Государство заботится о том, чтобы выбирать среди епископов и священников подлинных ревнителей Рима и отстранять священнослужителей, неугодных Святейшему престолу. Государство восхваляет как истинных пастырей тех из них, кто поносит его в своих проповедях. Такая заботливость чрезмерна. После отделения государству уже не придется делить епископов на правоверных и инакомыслящих, и верующие сами разберутся, какой епископ им больше по душе. Духовная власть папы неограниченна. Но всякая духовная власть нуждается в светской власти для того, чтобы полностью проявлять себя. Именно таково мнение церкви. Свобода, естественно, порождает разнообразие.
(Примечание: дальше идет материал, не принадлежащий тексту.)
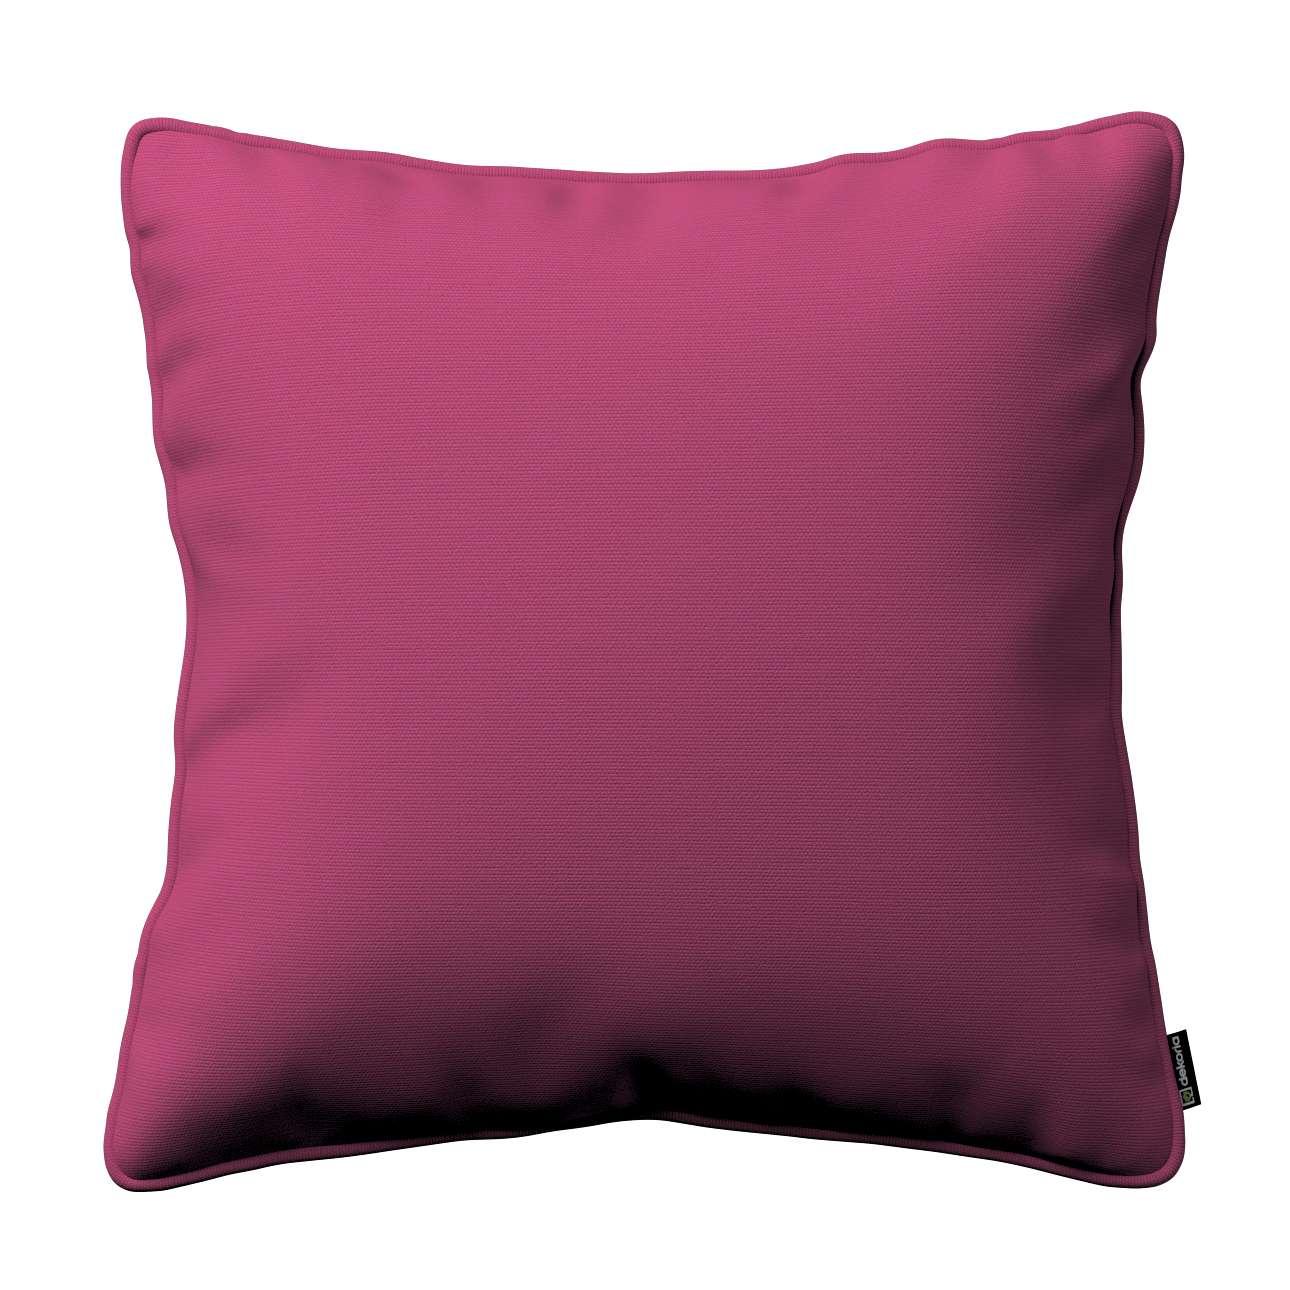 Poszewka Gabi na poduszkę 45 x 45 cm w kolekcji Cotton Panama, tkanina: 702-32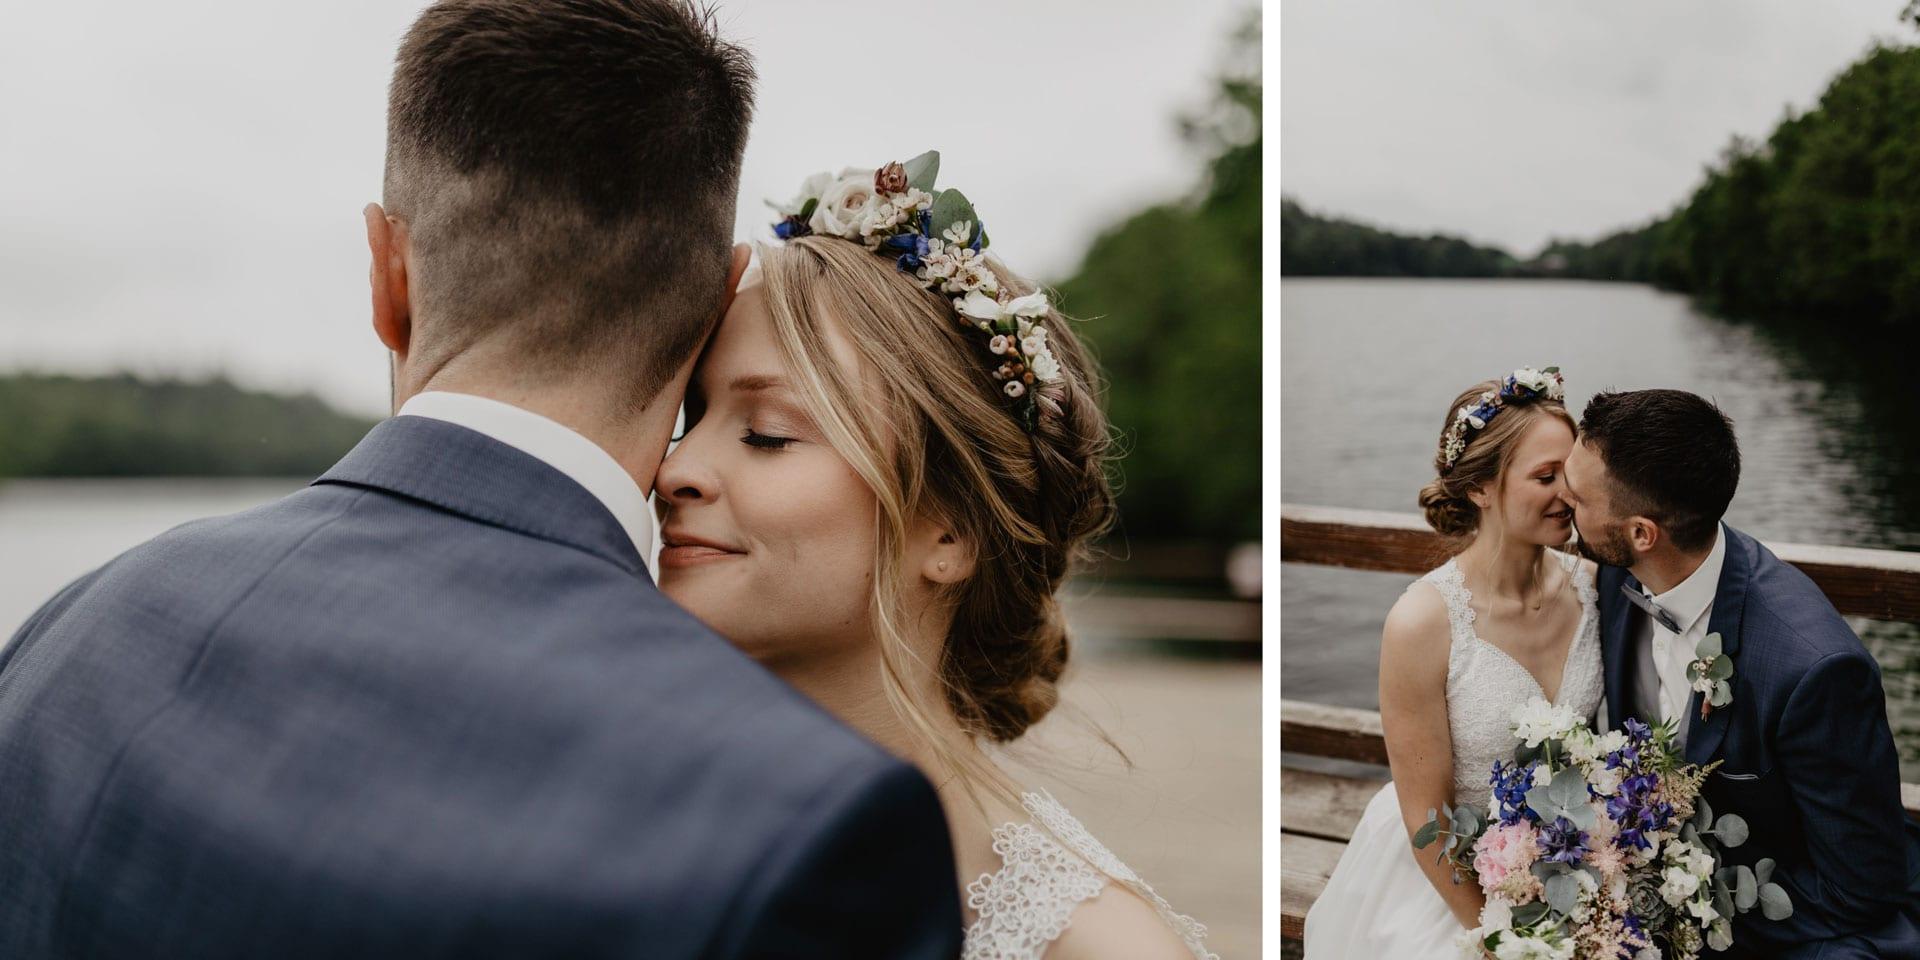 Brautpaar Fotoshooting an einem See in Biesenthal Wukensee bei Berlin

После отмены конкордата никто не будет уничтожать в зародыше диссидентские церкви. Возникнут и разрастутся множество соперничающих друг с другом сект. Единство вероисповедания будет нарушено.
Лишив христиан своей высокой милости, император Юлиан не стал их преследовать. Он вернул из ссылки епископов-ариан, и тотчас же церковь Христову стали раздирать внутренние распри.
В 1874 году Эрнест Ренан писал с глубоким знанием религиозных вопросов:
«Свобода, я подразумеваю истинную свободу, при которой уже невозможны ни покровительство, ни преследование, нарушит религиозное единство в его опаснейшем выражении. Католическое единство… основывается только на покровительстве государств… Конкордат весьма полезен церкви, ибо, заключая его, государство дает определенные гарантии и этим прикрывает религию даже тогда, когда на деле преследует ее. Мудрость заключается в том, чтобы уничтожить одним ударом и гарантии и стеснительные для церкви законы. Распри — вот основная слабость крупной религиозной общины, у которой нет внешней силы, чтобы поддержать свое единство. Религиозная община обычно владеет имуществом и имеет юридическое лицо. Раскол церкви невозможен до тех пор, пока государственная власть поддерживает ее, заявляя, например, что считает католиками лишь тех, кто чтит папу и признает те или иные догматы. Но в тот день, когда государство перестанет придавать догматическое значение наименованию церквей, в тот день, когда оно разделит принадлежащую им собственность соразмерно их числу, когда спорящие стороны предстанут перед судом и скажут, что не могут больше жить вместе, все сразу изменится»
[692].А если враждующие церкви пожелают призвать государство в качестве судьи, то государство может ответить на их мольбы мудрыми словами проконсула Ахайи
[693]:«Если бы какая-нибудь была обида или злой умысел, то я имел бы причину выслушать вас, но когда идет спор об учении и об именах и о законе вашем, то разбирайтесь сами; я не хочу быть судьею в этом»
[694].После того как Бонапарт восстановил во Франции католическое вероисповедание, все последующие правительства лишь увеличивали богатство и власть церкви, и не всегда из благочестия или желания ей служить. Несмотря на свою любовь к церкви, Реставрация сделала для нее меньше, чем сделали из корысти и страха Июльское правительство и Вторая империя. И, конечно, какой-нибудь Виллель не мог оказать ей таких же огромных услуг, как Гизо
[695]. Что касается Третьей республики, то она появилась на свет среди мук Версальского собрания, отдавшего Францию во власть ордена Сердца Иисусова, она выросла под угрозой римской опасности, которую не всегда могла предотвратить и которой не всегда умела смотреть в лицо; опасность эта до сих пор еще тяготеет над ней.Затвердевшая оболочка слов, выражающих живые понятия, направляет мысль по ложному пути и служит причиной многих ошибочных суждений.
Слова «папа» и «церковь» остались, но они почти не отражают тех понятий, которые существовали сто и даже каких-нибудь тридцать лет тому назад. После 1869 года, после Ватиканского собора и ухода верховного первосвященника в свою духовную крепость родилось новое папство. На смену папе-королю пришел папа-бог. Новый догмат непогрешимости, казавшийся сначала плодом религиозного помешательства, был на самом деле ловким политическим ходом.
Обнародованный в то время, когда Пий IX терял последние крохи своих королевских владений, этот догмат заменял утраченное господство над легациями временным господством над всем миром. Навсегда исчезая в Ватикане, этом неприступном, чуть ли не призрачном дворце, папа, казалось, говорил:
— Пусть я отдам Рим нечестивцам и меня нигде но будет на земле, я все же останусь повсюду, и моим Римом будет весь мир.
Что за неудержимая экспансия отрешившегося от материальной оболочки папства! Но если непогрешимость папы в делах веры относится к области теологии, то непогрешимость папы в делах нравственности относится к области политики; это власть над душами людей, это захват светского руководства обществом, это Силлабус, навязанный государством в виде конституционного акта.